* **Information shown**
-------------------------
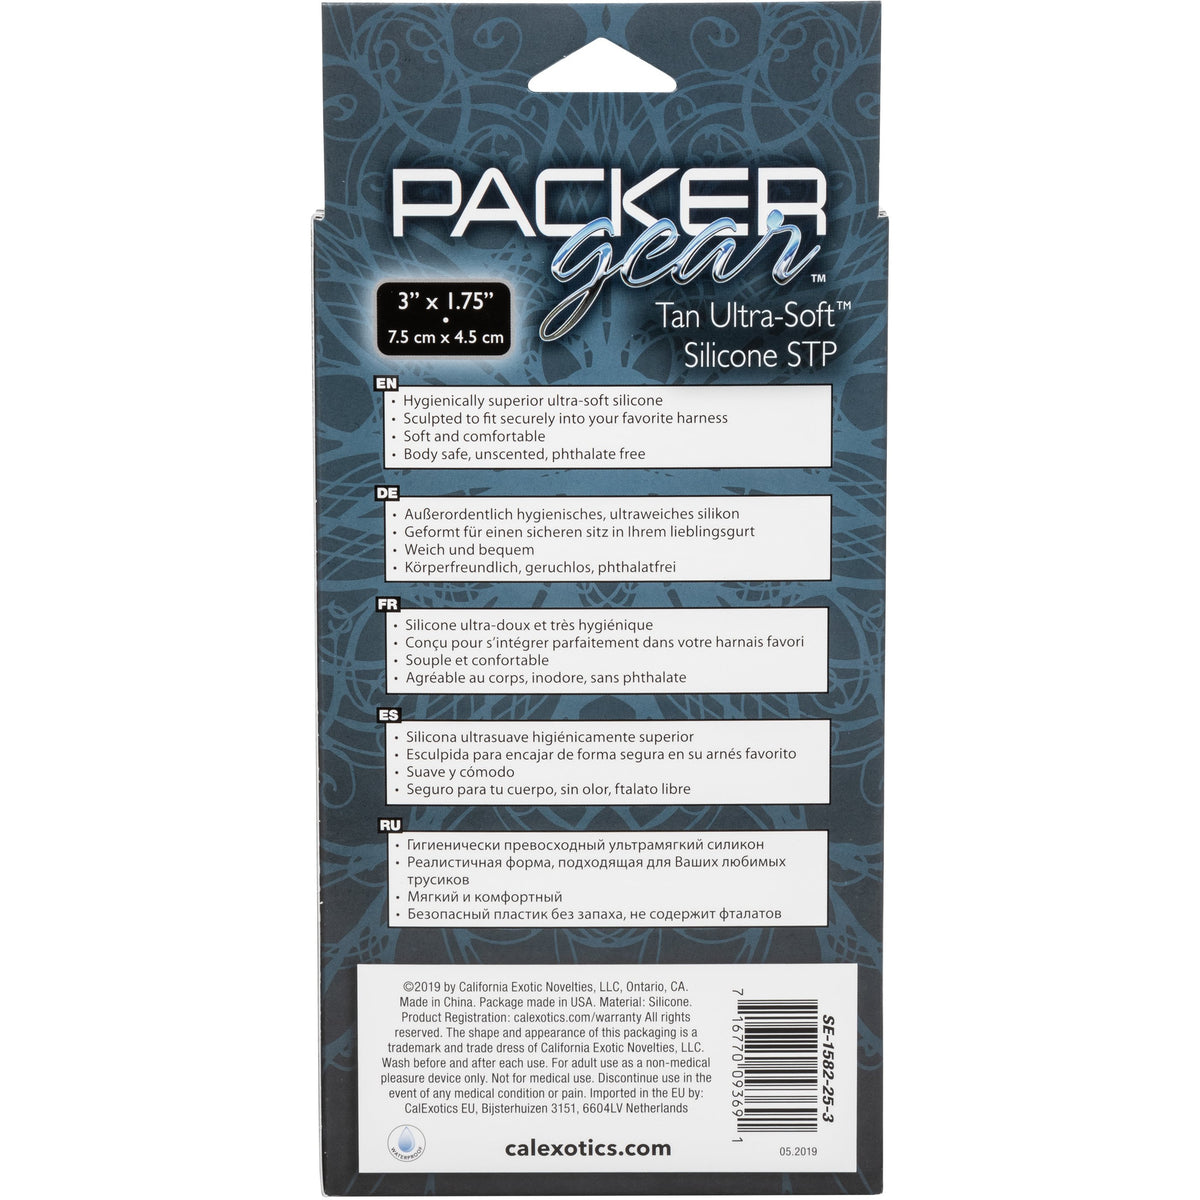 CalExotics Packer Gear STP Packer – Tan
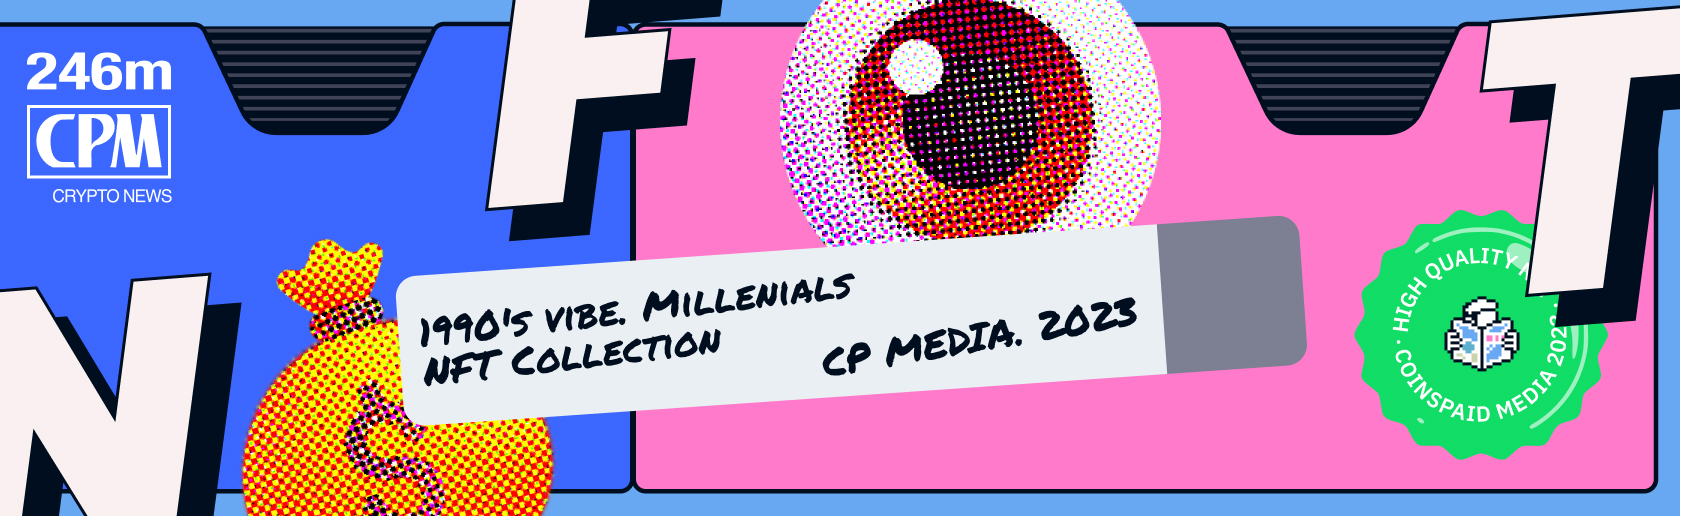 NFT-коллекция CP Media Millennials
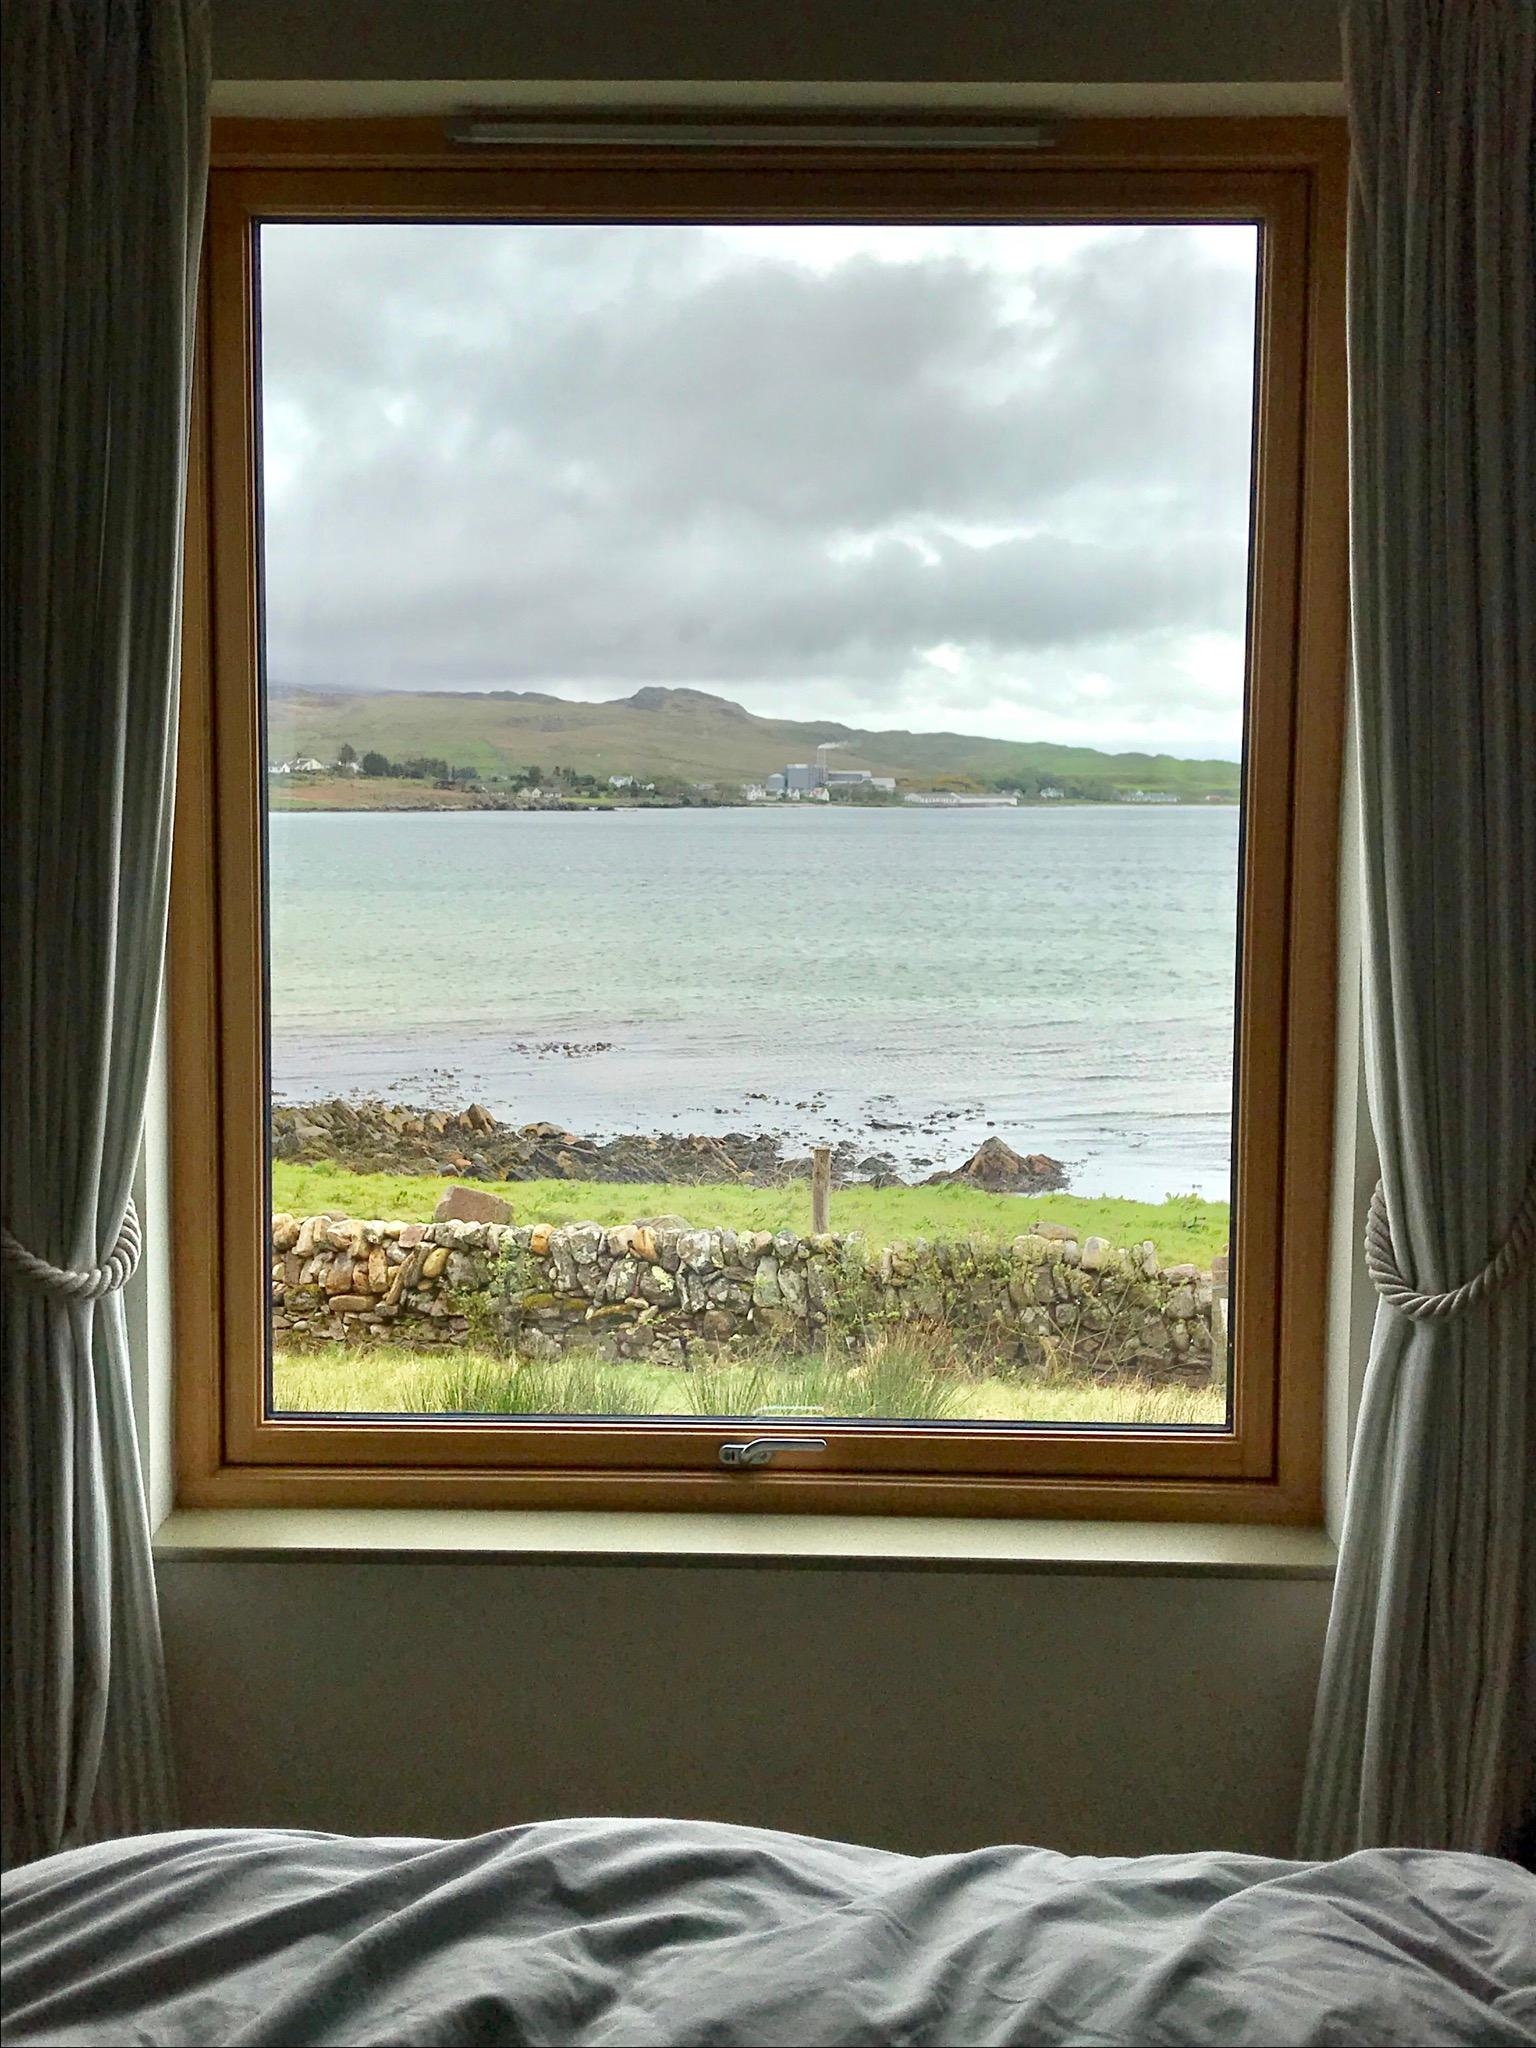 Die bislang schönste Aussicht vom Bett aus im Urlaub. Islay, Schottland
#travelchallenge #meinschönsterurlaub
-------------------------
* **Task**
Repeat every line of the data exactly, but do not include pictures.

* **Task solution**
 CalExotics Packer Gear STP Packer – Tan
 NFT-коллекция CP Media Millennials
 Die bislang schönste Aussicht vom Bett aus im Urlaub. Islay, Schottland
#travelchallenge #meinschönsterurlaub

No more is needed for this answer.